▶ _Assigned task_
Because the pictures are not wanted, reproduce the rest of the records below exactly as they stand.

═══ Supplied information ═══

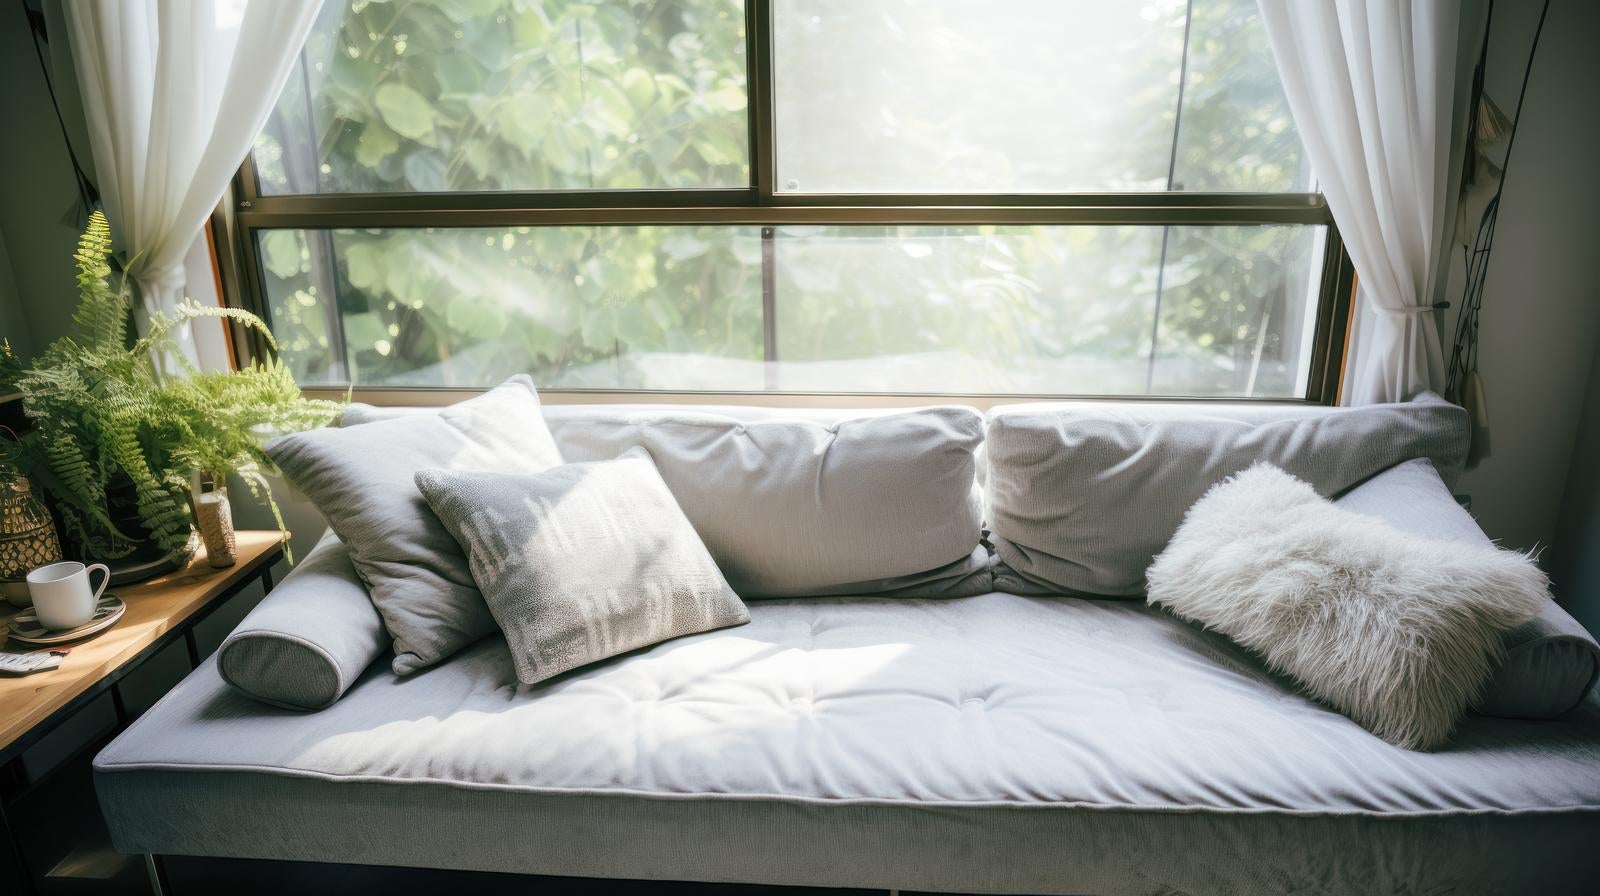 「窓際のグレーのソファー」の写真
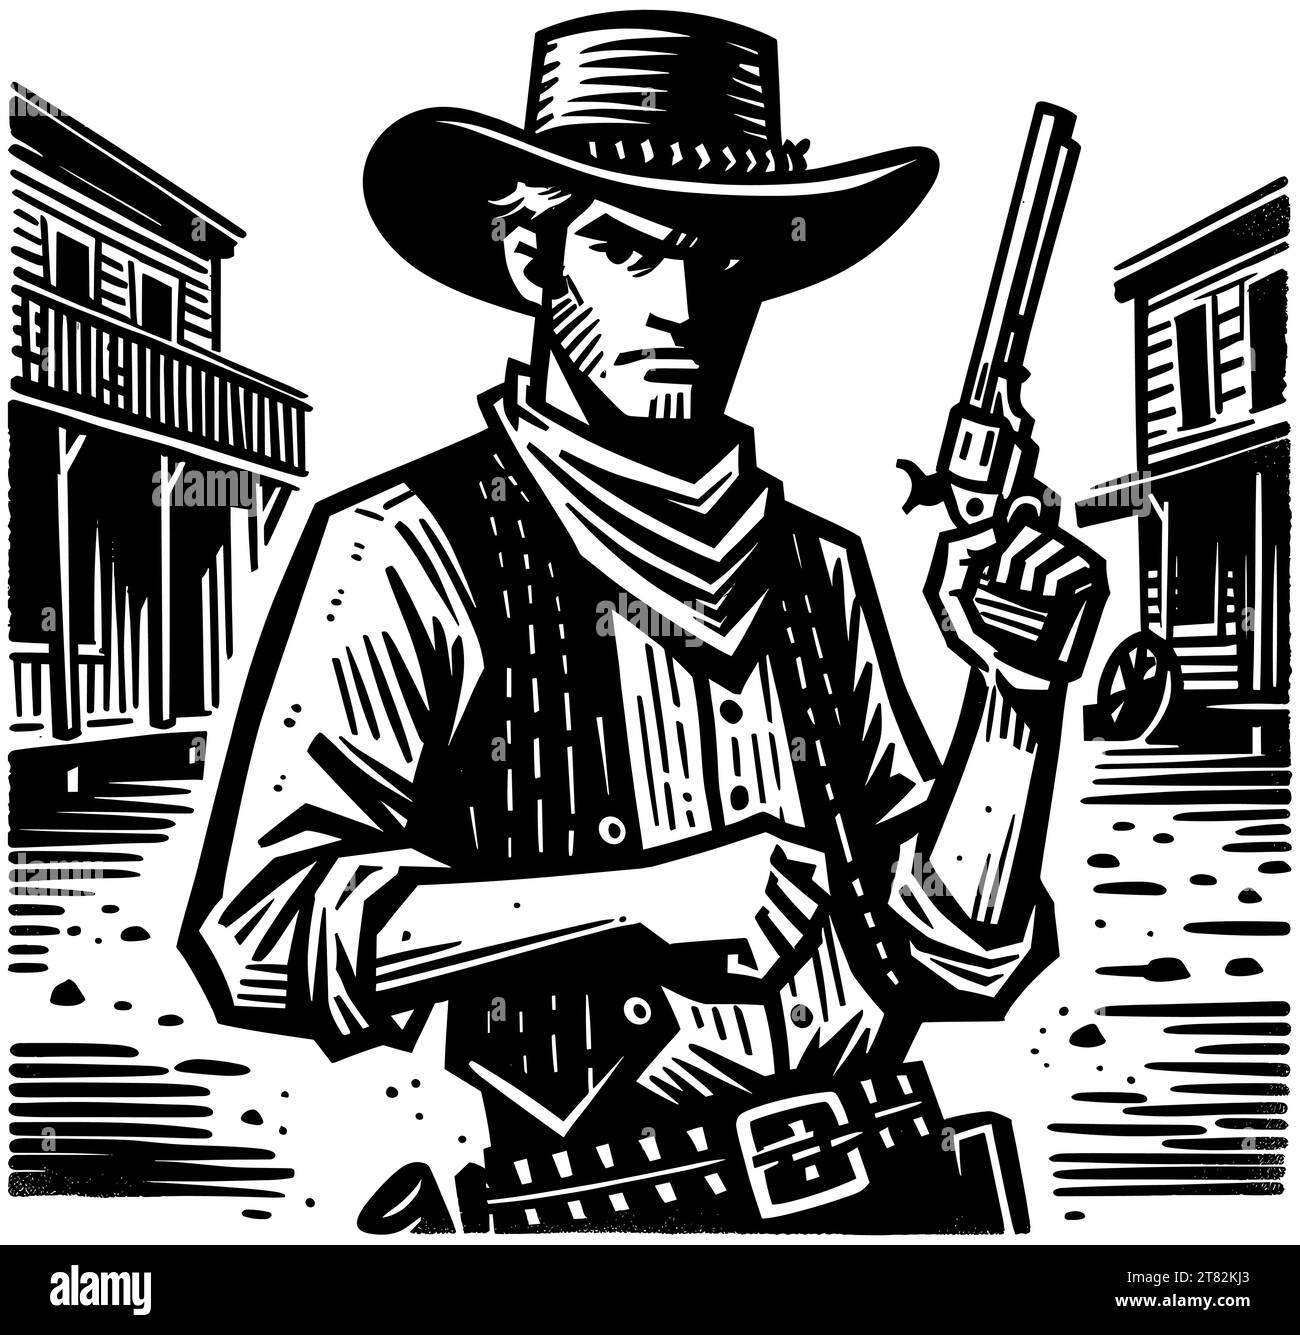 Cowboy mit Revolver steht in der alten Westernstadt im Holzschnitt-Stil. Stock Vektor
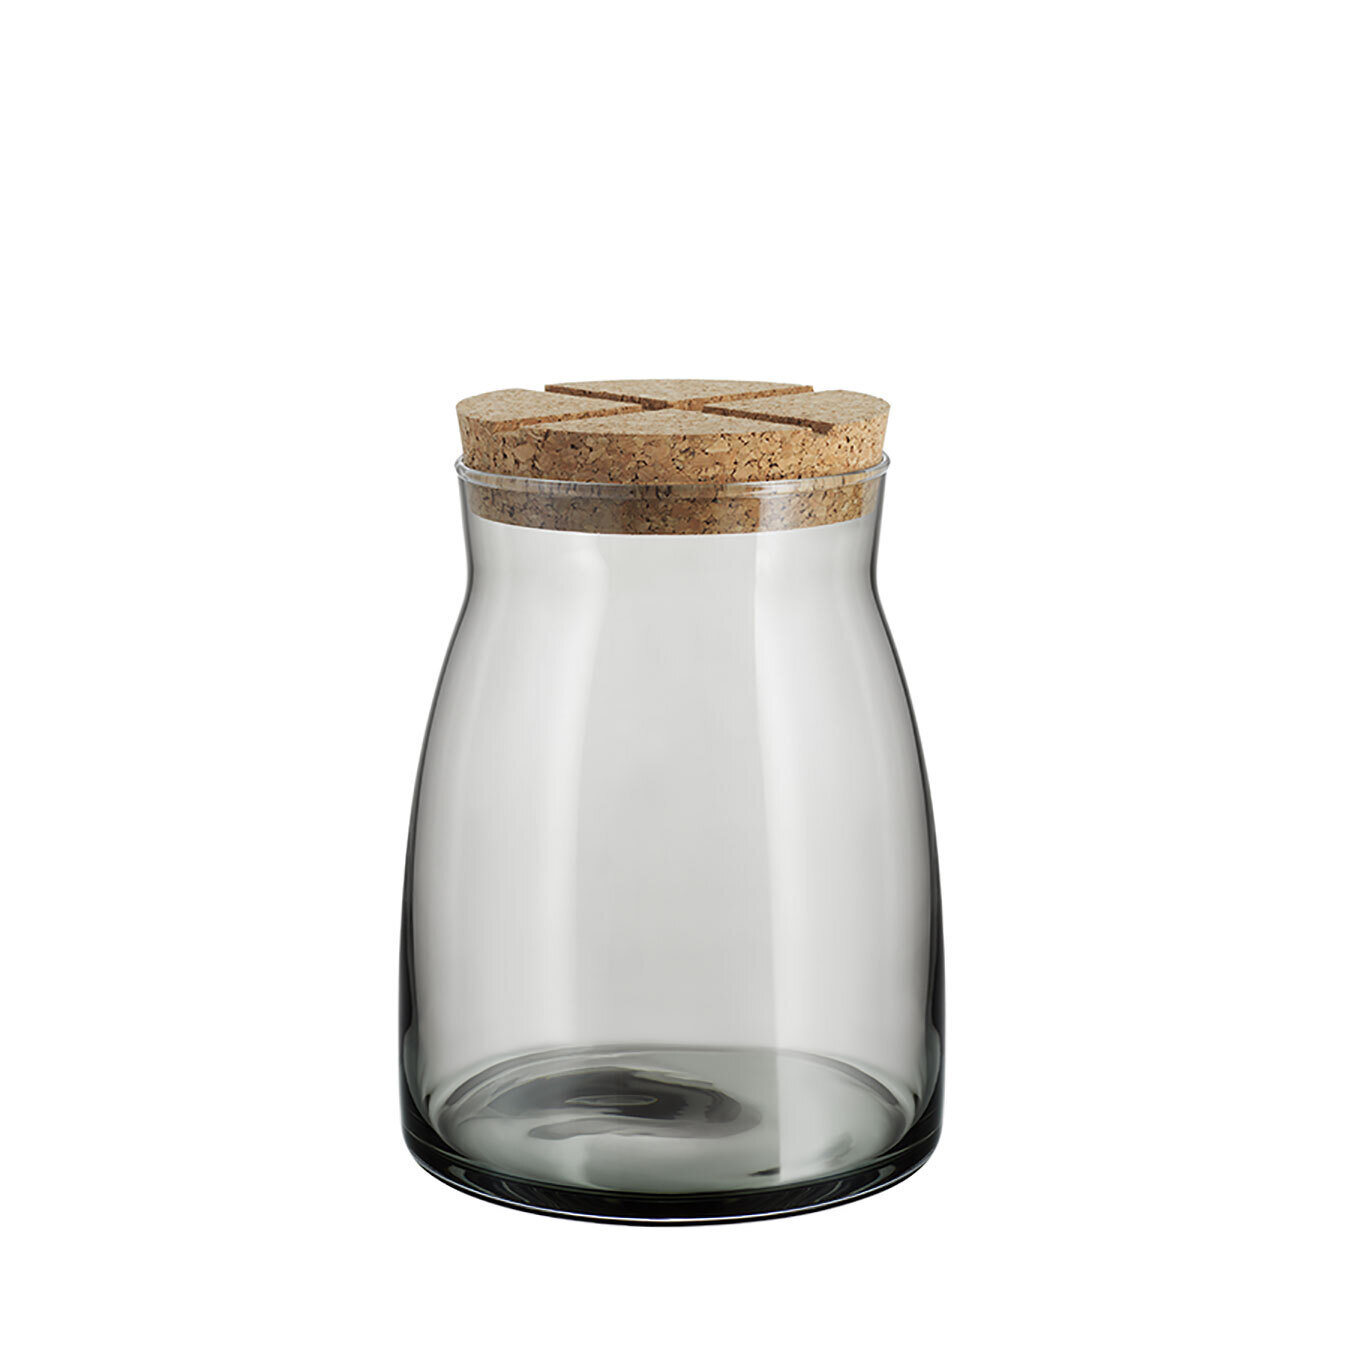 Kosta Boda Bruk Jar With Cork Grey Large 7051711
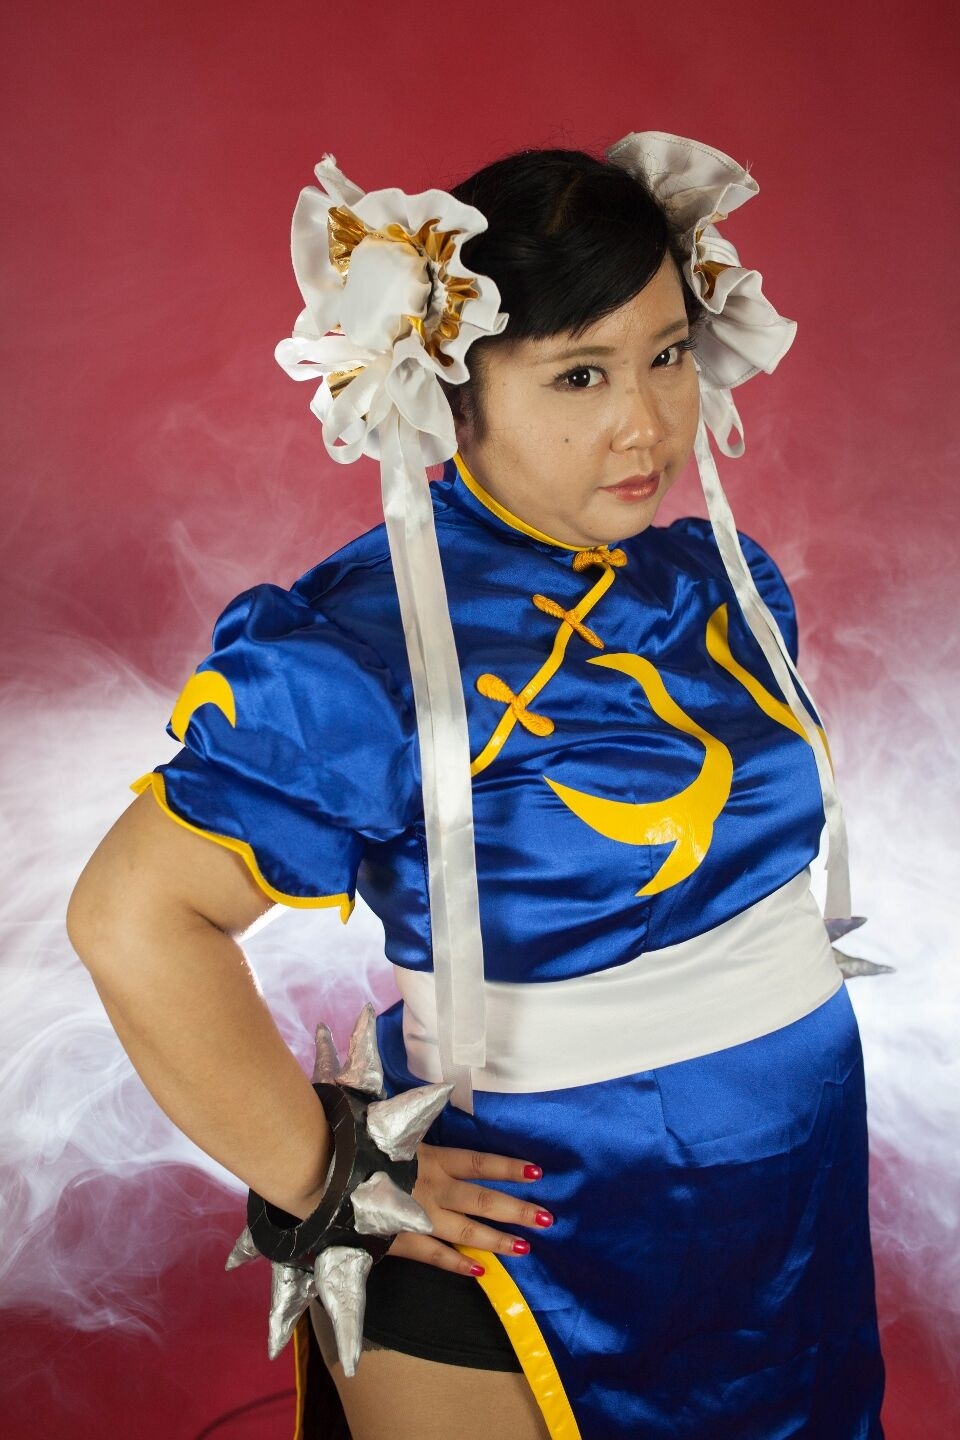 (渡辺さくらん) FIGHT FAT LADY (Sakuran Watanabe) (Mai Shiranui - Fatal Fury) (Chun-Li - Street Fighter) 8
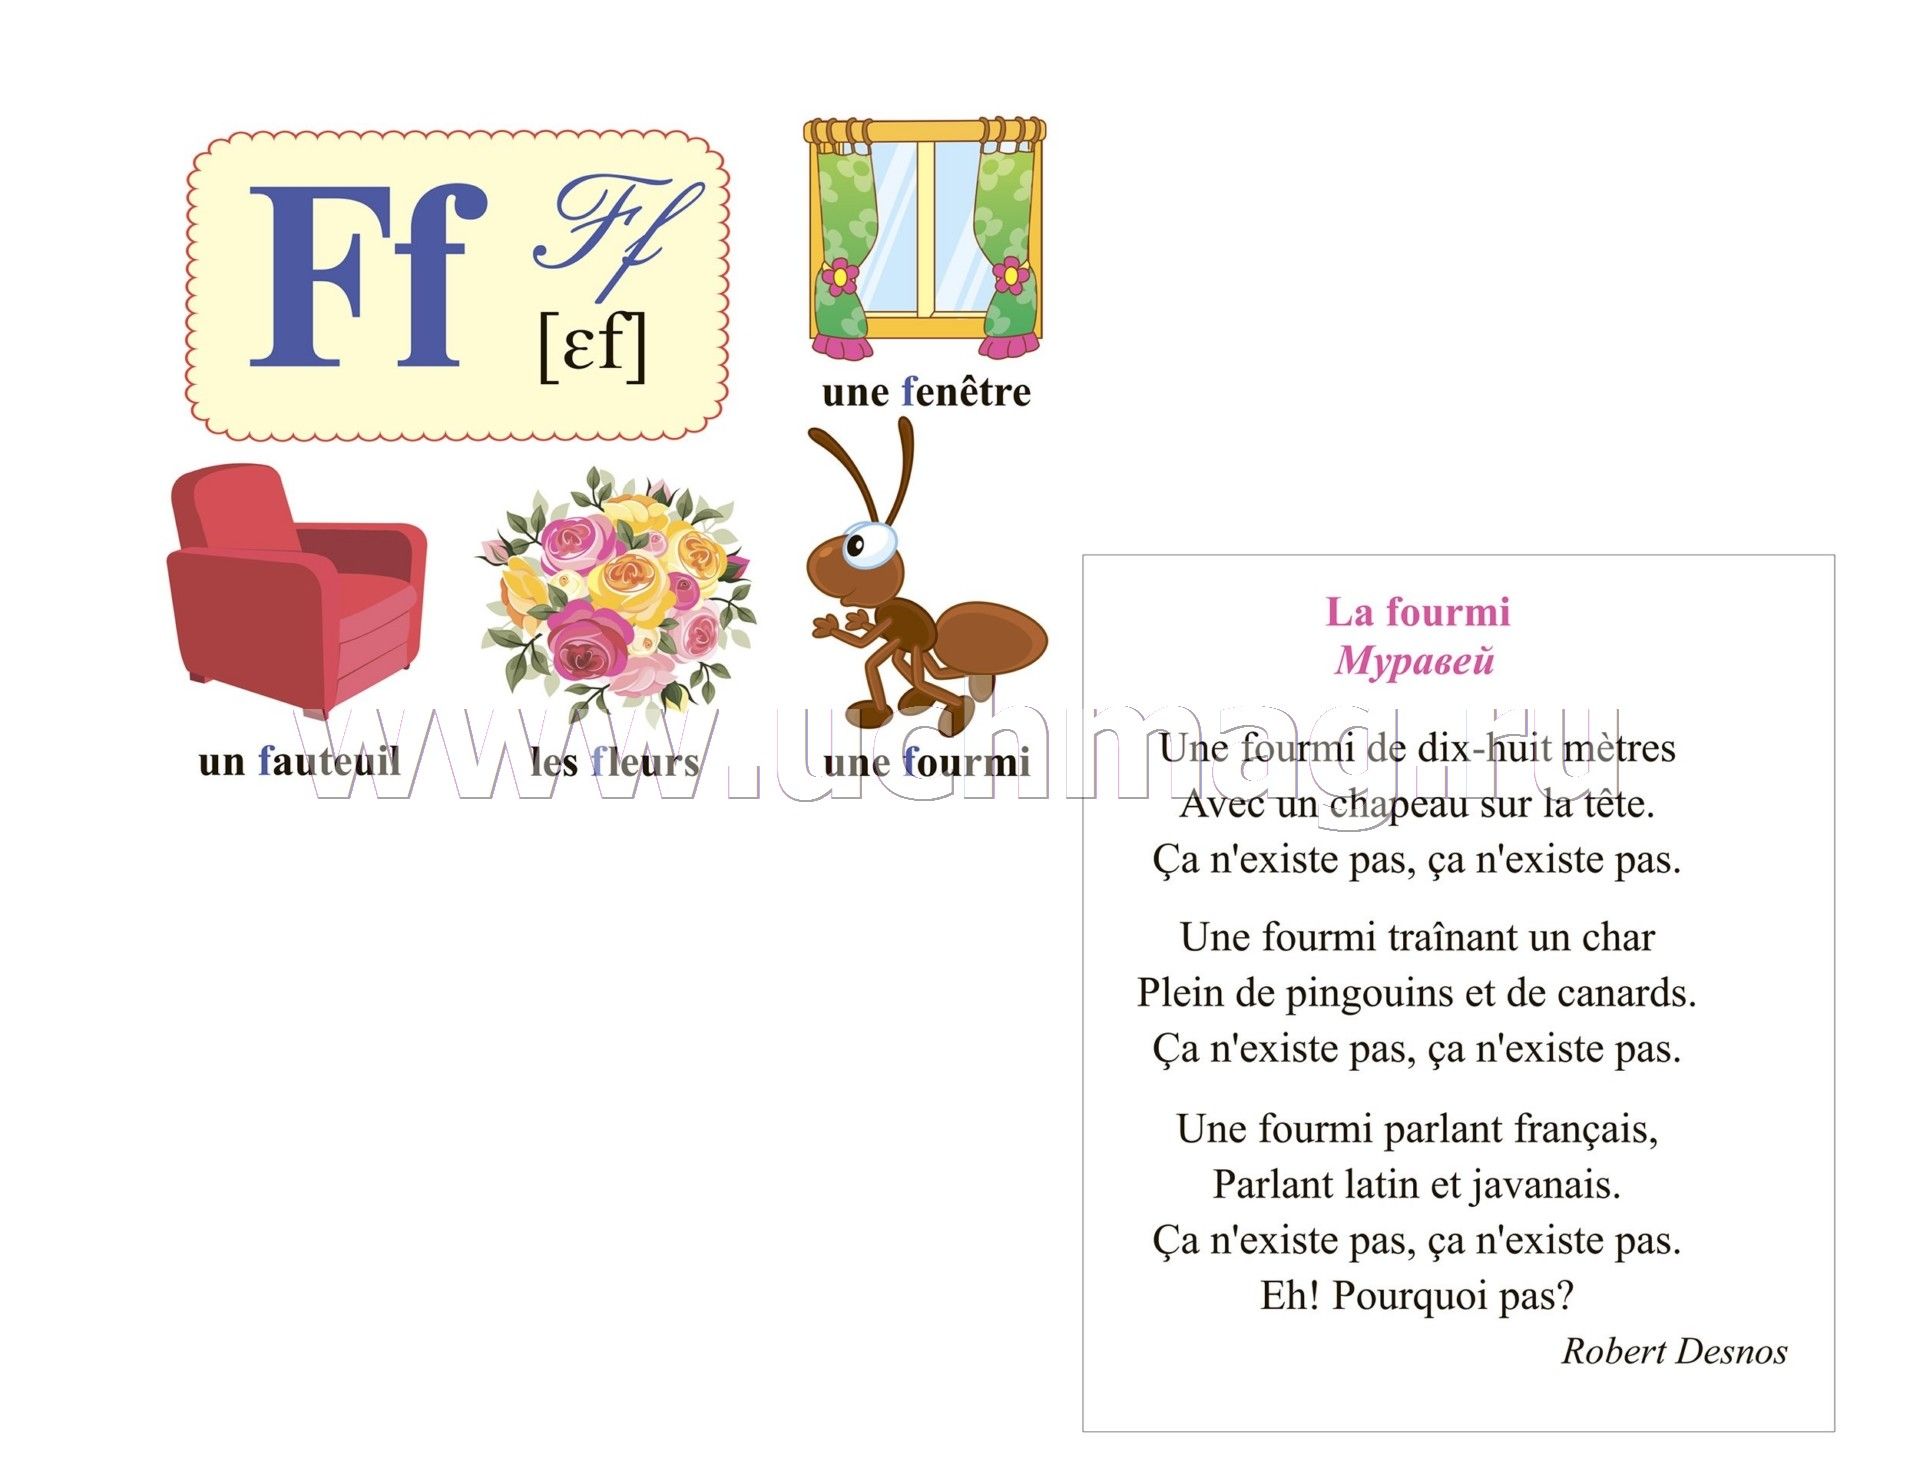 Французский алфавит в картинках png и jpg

═══

▶ _Answer to the exercise_
 「窓際のグレーのソファー」の写真
 Cowboy mit Revolver steht in der alten Westernstadt im Holzschnitt-Stil. Stock Vektor
 Kosta Boda Bruk Jar With Cork Grey Large 7051711
 (渡辺さくらん) FIGHT FAT LADY (Sakuran Watanabe) (Mai Shiranui - Fatal Fury) (Chun-Li - Street Fighter) 8
 Французский алфавит в картинках png и jpg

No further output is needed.